**PROMPT**
Among the records below, find the line with "A female orangutan" and the line with "Pastel Violet - Anemone Bulbs". Set down both and every line between, exactly and with no pictures, but nothing else.

**EXERCISE MATERIALS**
--------

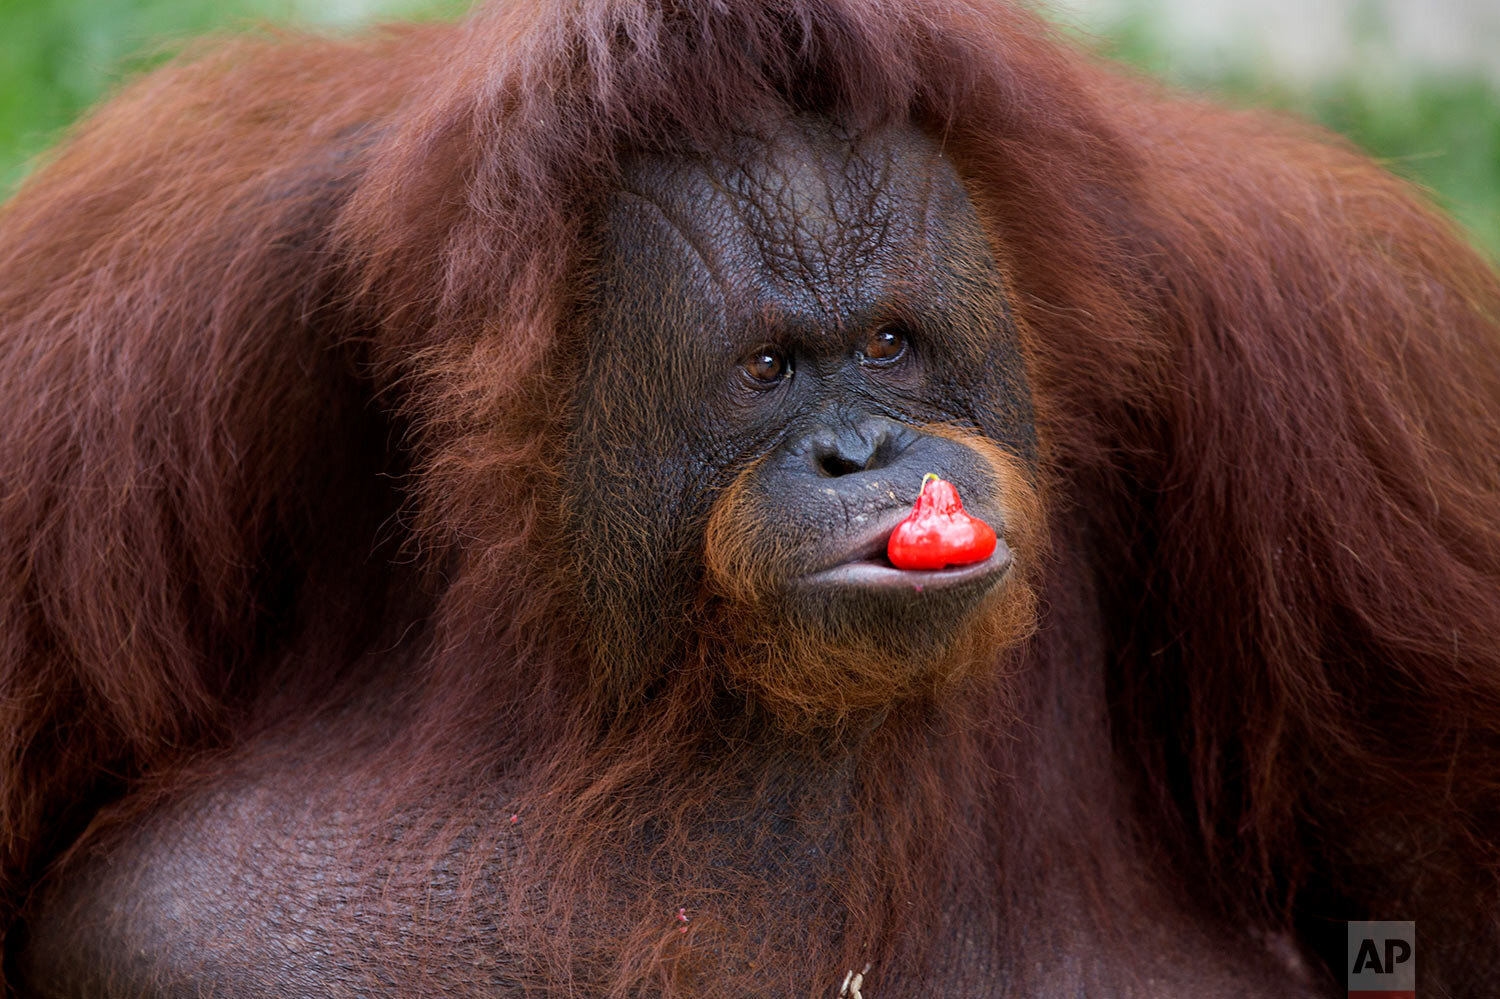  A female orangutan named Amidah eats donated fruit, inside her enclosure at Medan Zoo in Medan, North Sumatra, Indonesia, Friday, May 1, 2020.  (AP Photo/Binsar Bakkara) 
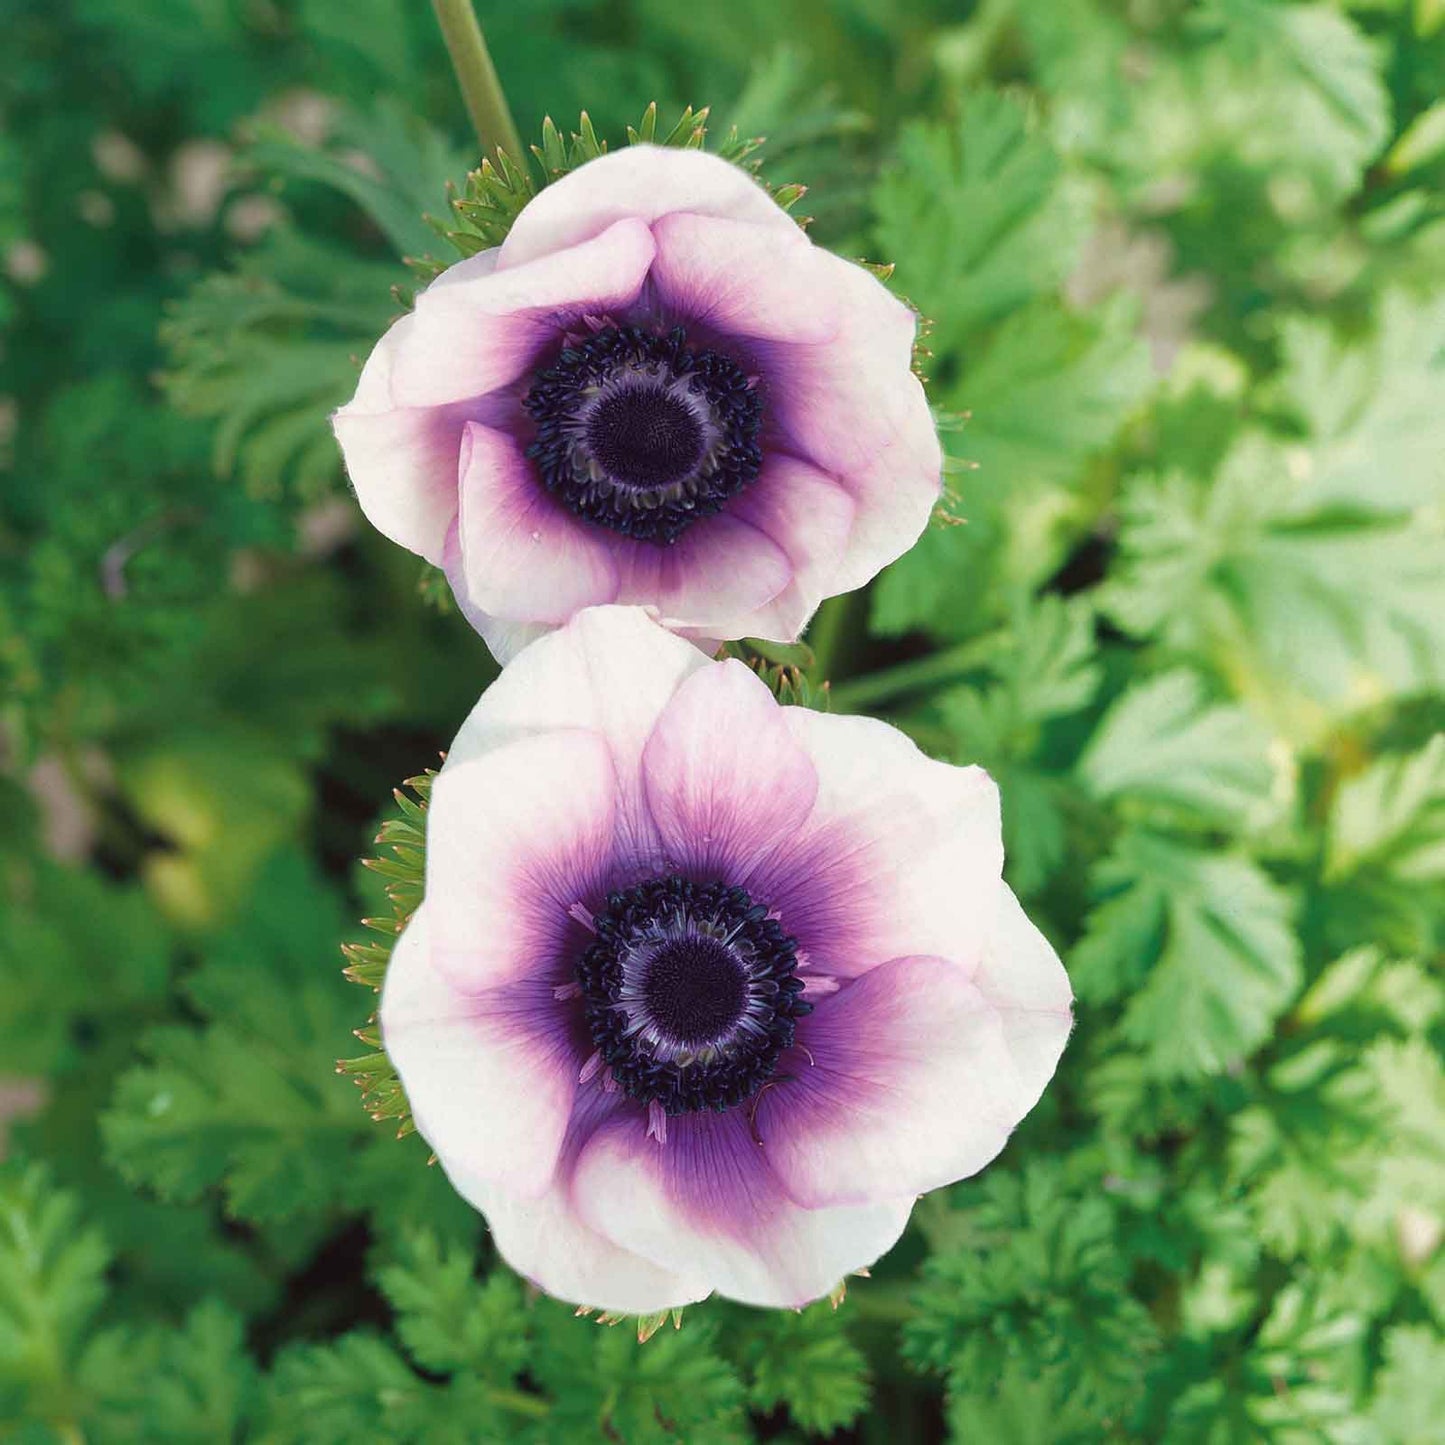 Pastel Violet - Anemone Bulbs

--------

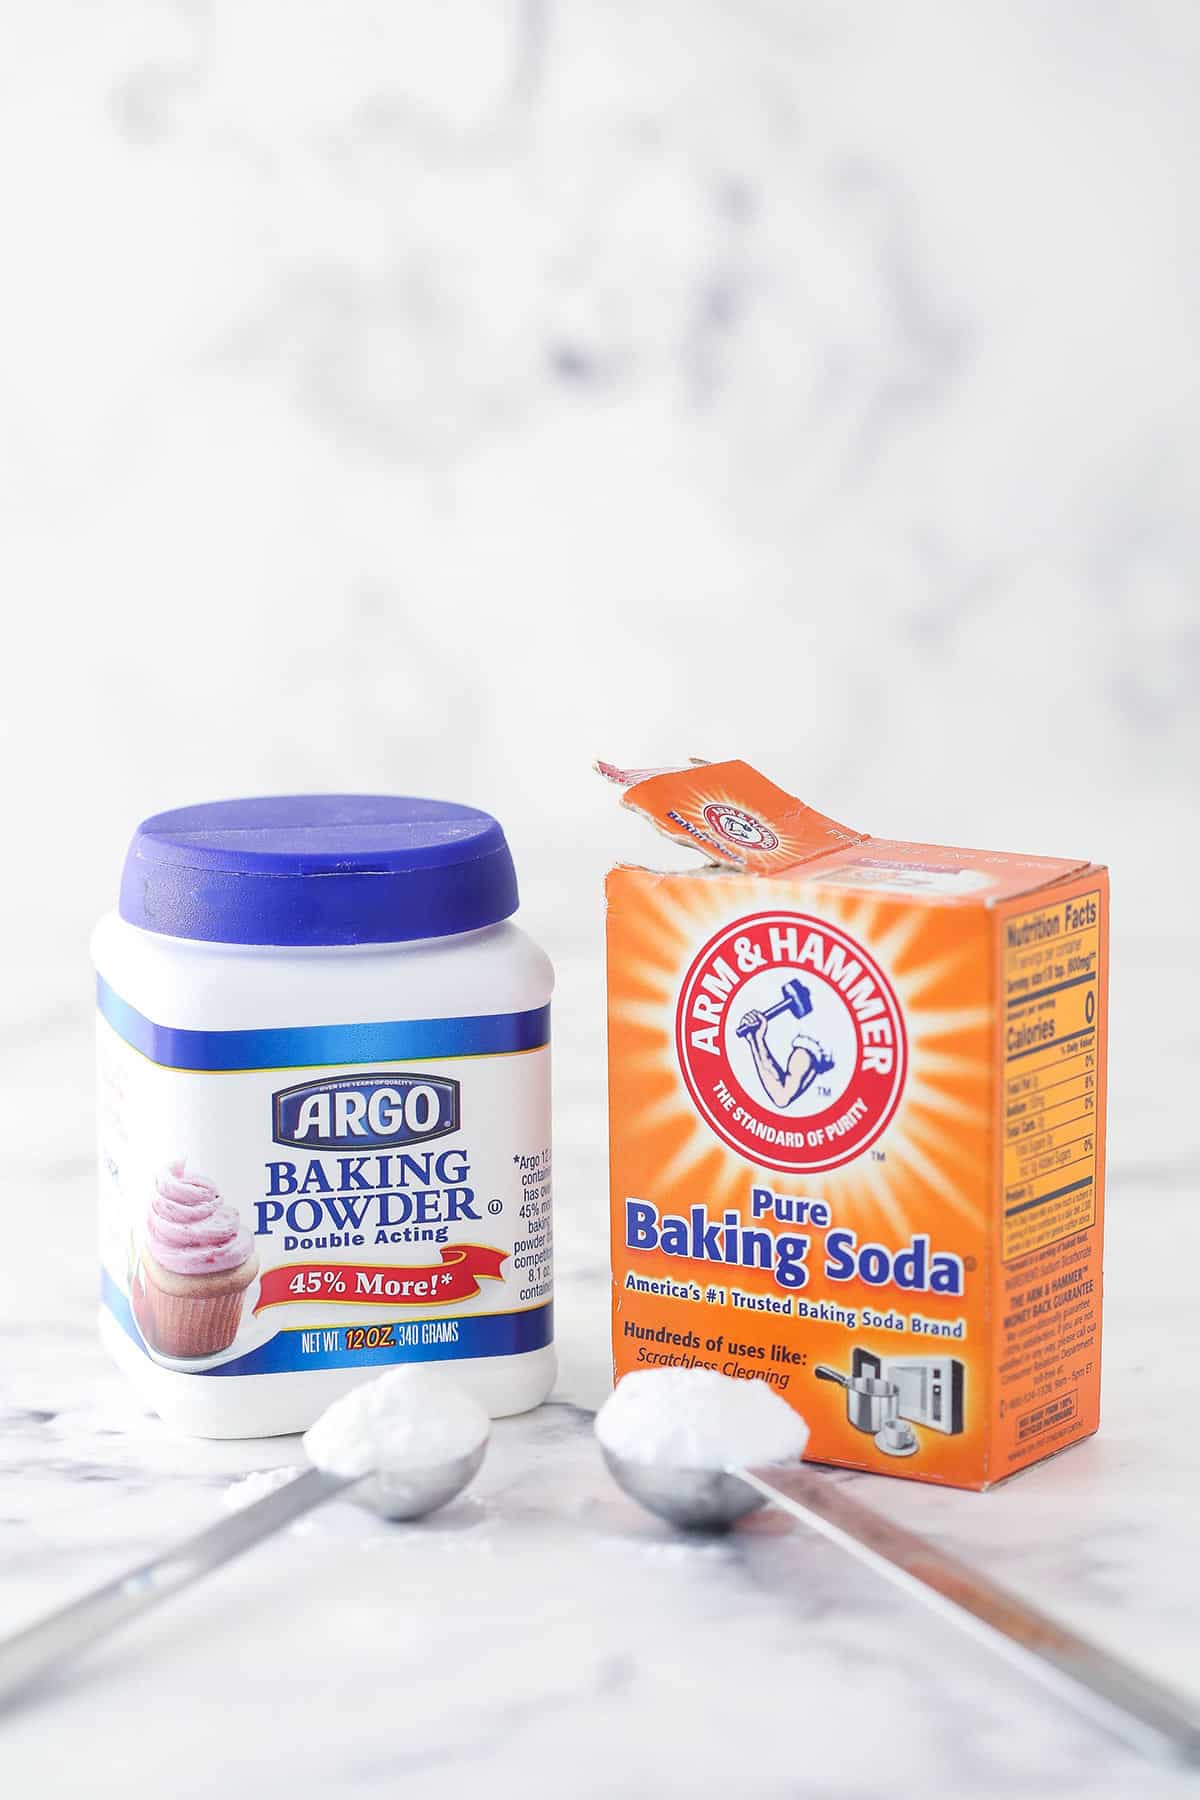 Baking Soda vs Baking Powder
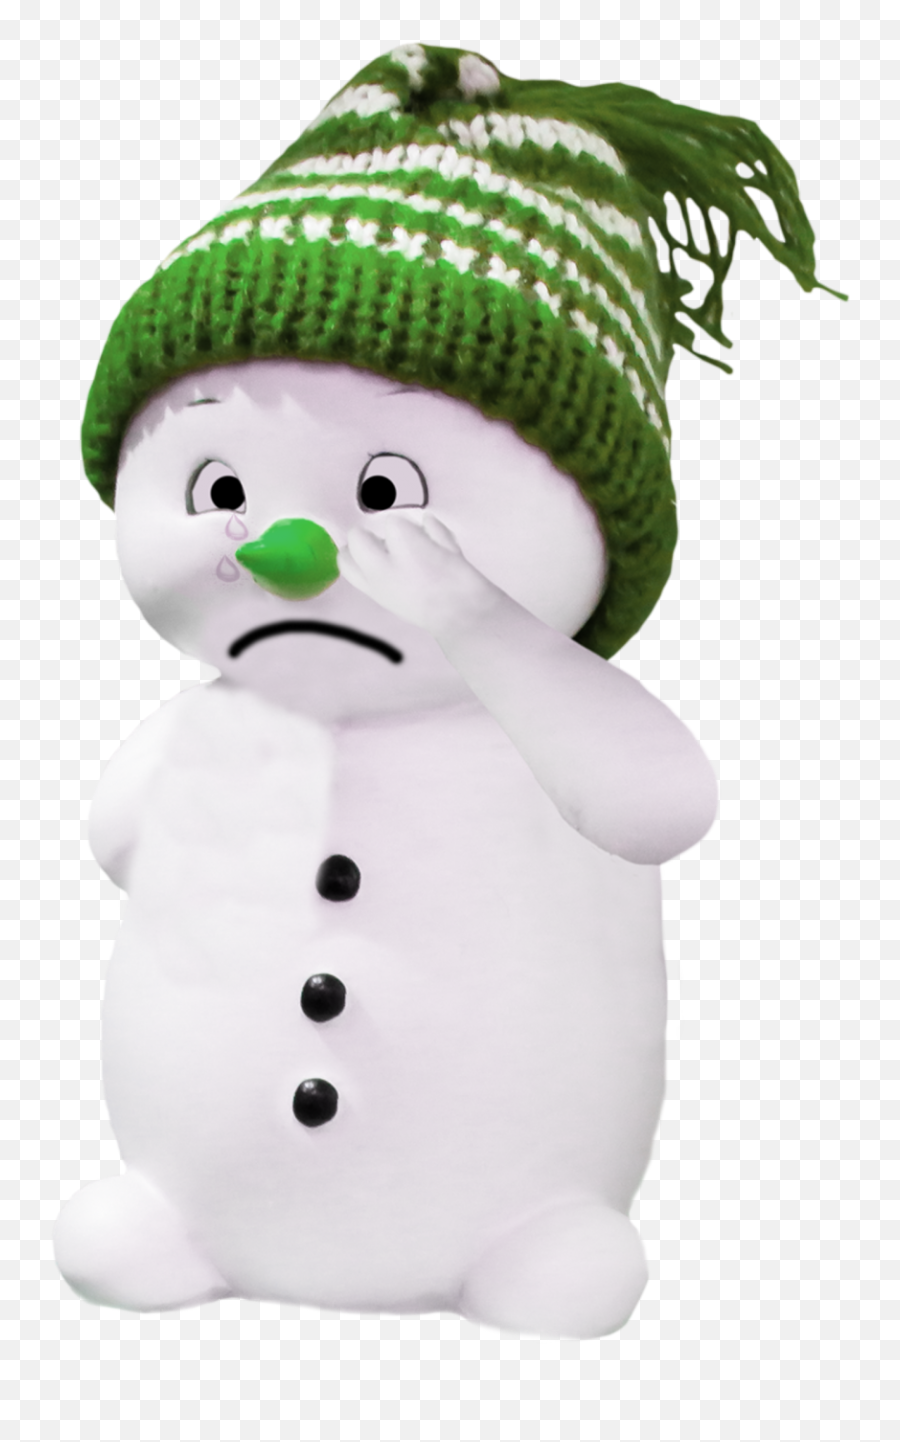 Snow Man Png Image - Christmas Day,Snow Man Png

--------

**SOLUTION FOR THIS PROBLEM**
  A female orangutan named Amidah eats donated fruit, inside her enclosure at Medan Zoo in Medan, North Sumatra, Indonesia, Friday, May 1, 2020.  (AP Photo/Binsar Bakkara) 
 Pastel Violet - Anemone Bulbs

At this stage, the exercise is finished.